Media menurut AECT adalah segala sesuatu yang digunakan orang untuk menyalurkan
pesan. Sedangkan Gagne mengartikan media sebagai jenis komponen dalam
lingkungan siswa yang dapat merangsang mereka untuk belajar. Briggs mengartikan
media sebagai alat untuk memberikan perangsang bagi siswa agar terjadi peroses
belajar (Mustikasari, 2011).
Pembelajaran
merupakan sebuah proses perubahan perilaku sebagai akibat dari interaksi dengan
lingkungan sehingga terjadinya pengalaman belajar dan hasil belajar menjadi
lebih bermakna (meaningfull learning). Keberhasilan pembelajaran ditandai
dengan perolehan pengetahuan, keterampilan, dan sikap positif pada diri
individu, sesuai dengan tujuan yang diharapkan. Keberhasilan ini sangat
dipengaruhi oleh banyak faktor diantaranya dengan penggunaan media yang
berfungsi sebagai perantara pesan-pesan pembelajaran kepada peserta didik. Kata
pembelajaran sering kali diterjemahkan ke dalam pengajaran. Padanan kata ini
sebenarnya kurang tepat mencerminkan arti yang terkandung didalamnya.
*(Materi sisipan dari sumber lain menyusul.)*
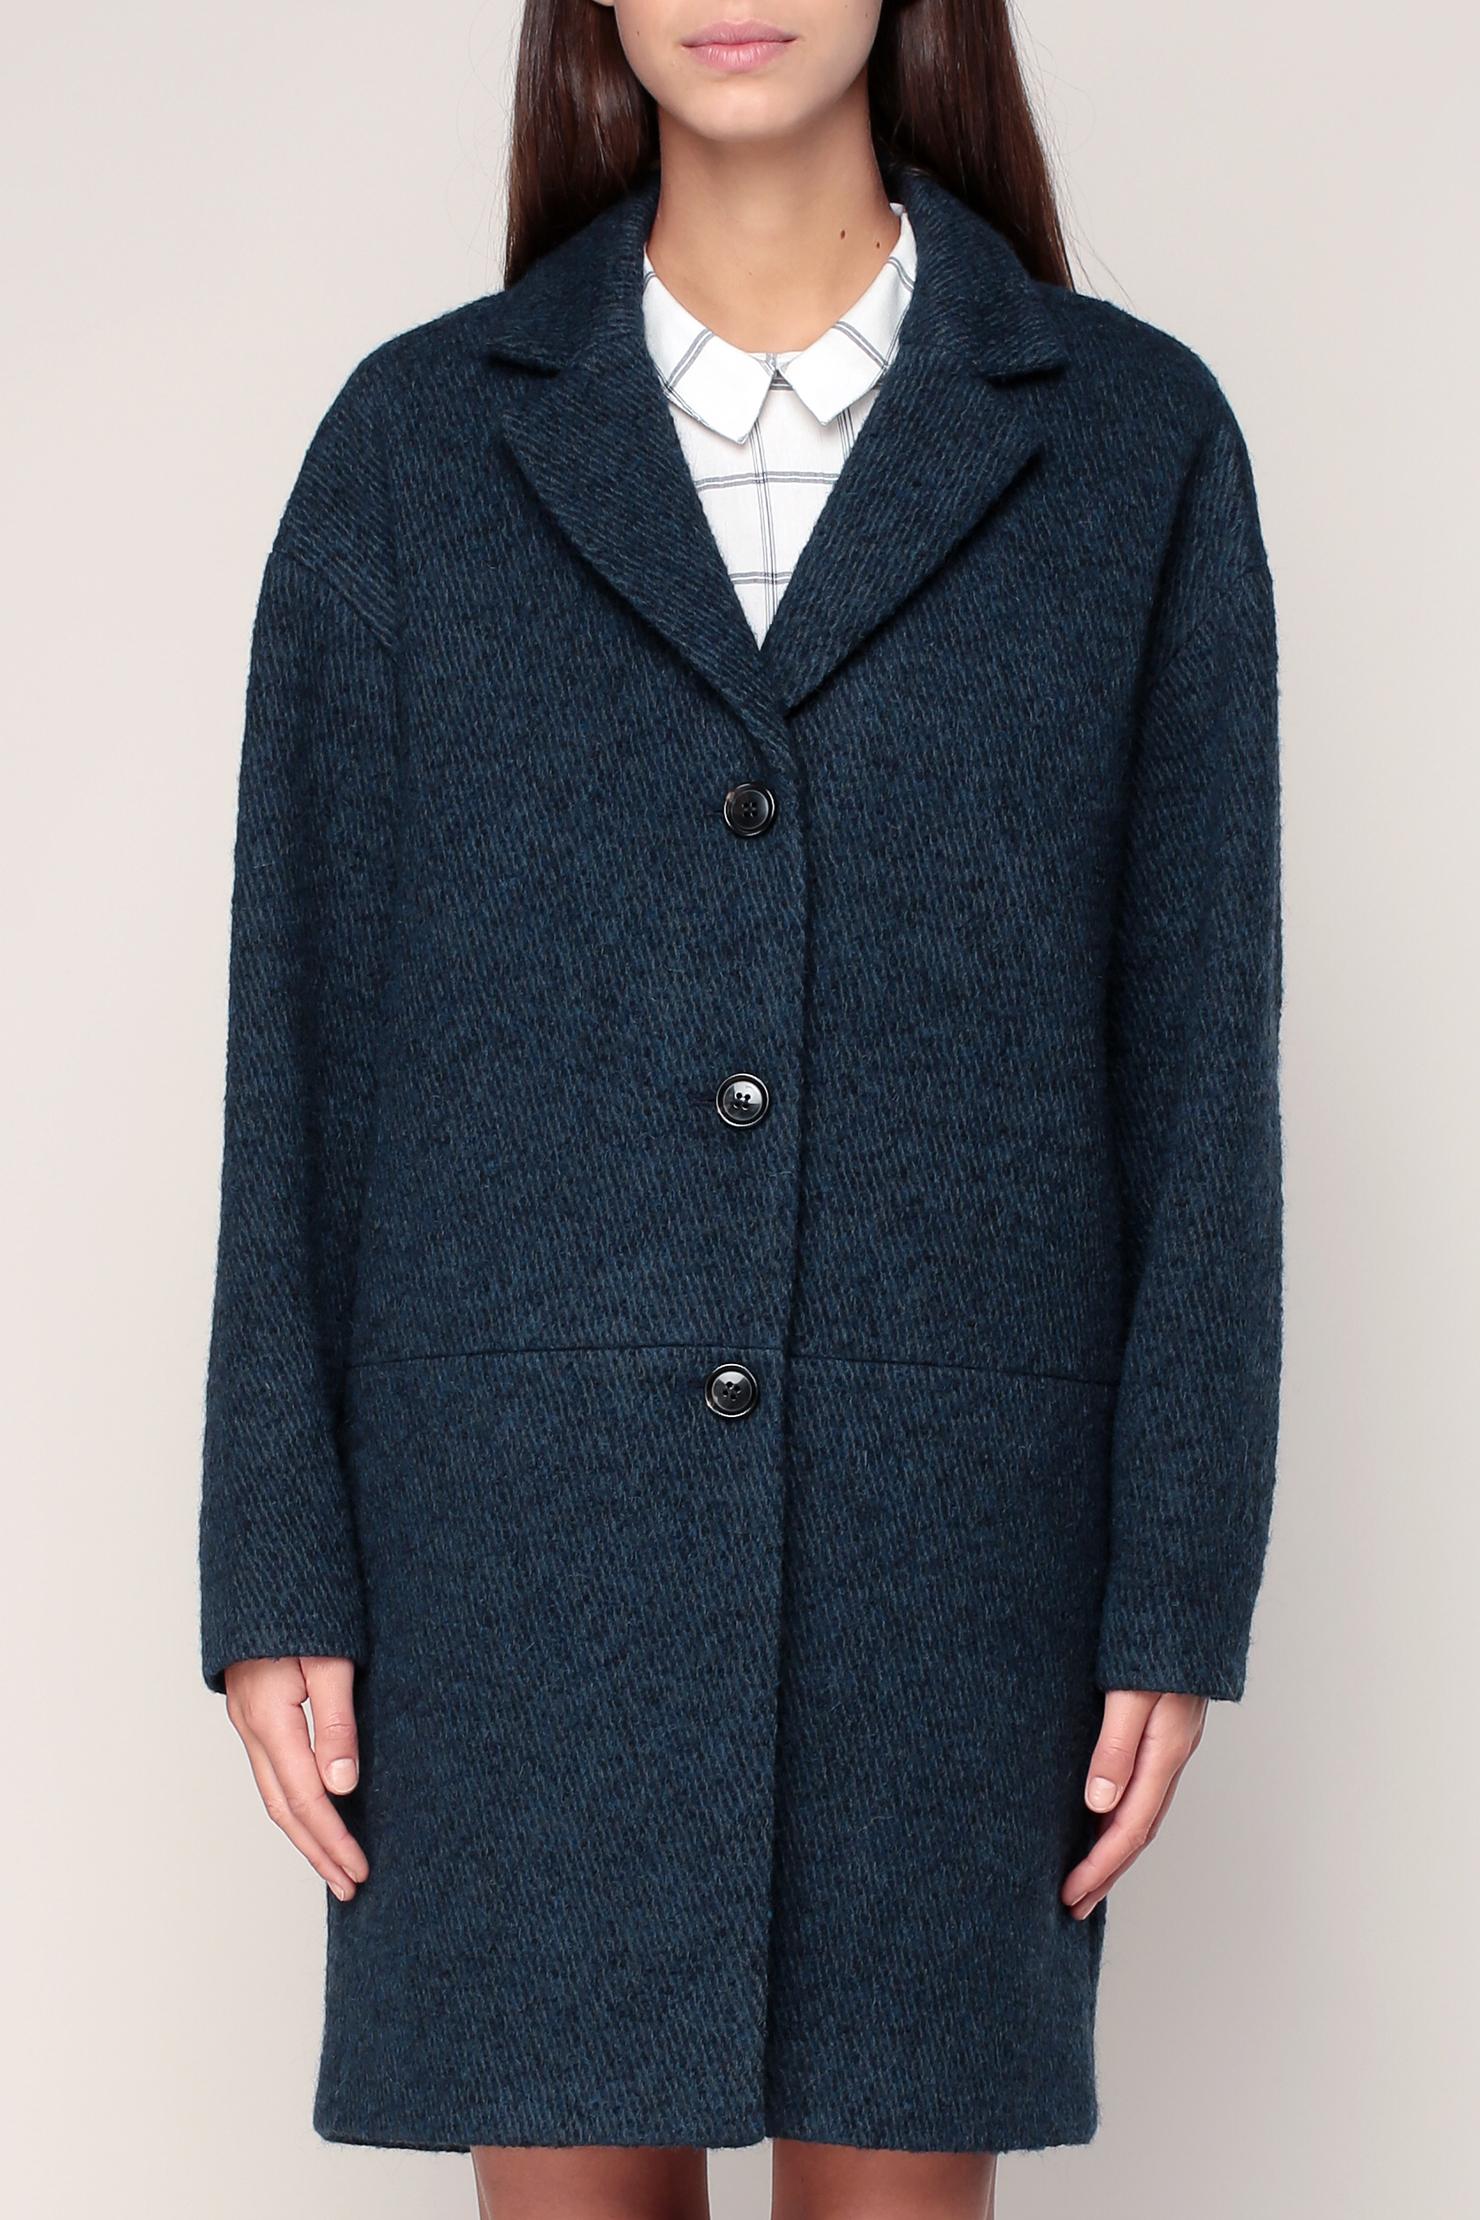 A shopper sur   monshowroom.com. Manteau en laine vierge bleu mélangé  Melissa – Pablo de Gérard Darel eb672fe78b2a

instruction lebih luas dari pengajaran, karena mencakup semua events yang
mempunyai pengaruh langsung kepada proses belajar manusia, yang meliputi
kejadian-kejadian yang diturunkan oleh bahan cetakan, sebuah gambar, program
tv, film, slide, media atau kombinasinya.
Penggunaan
media pembelajaran dalam proses pembelajaran akan memberikan kontribusi
terhadap efektivitas pencapaian tujuan pembelajaran. Berbagai hasil penelitian
pada intinya menyatakan bahwa berbagai macam media pembelajaran memberikan
bantuan sangat besar kepada pesertandidik dalam proses pembelajaran. Namun
demikian peran tenaga pengajar itu sendiri juga menentukan terhadap
efektifitas penggunaan media dalam pembelajaran. Peranan tersebut
tercermin dari kemampuannya dalam memilih media yang digunakan. Karena hal
tersebut dapat menentukan kemajuan suatu pembelajaran terhadap peserta didik.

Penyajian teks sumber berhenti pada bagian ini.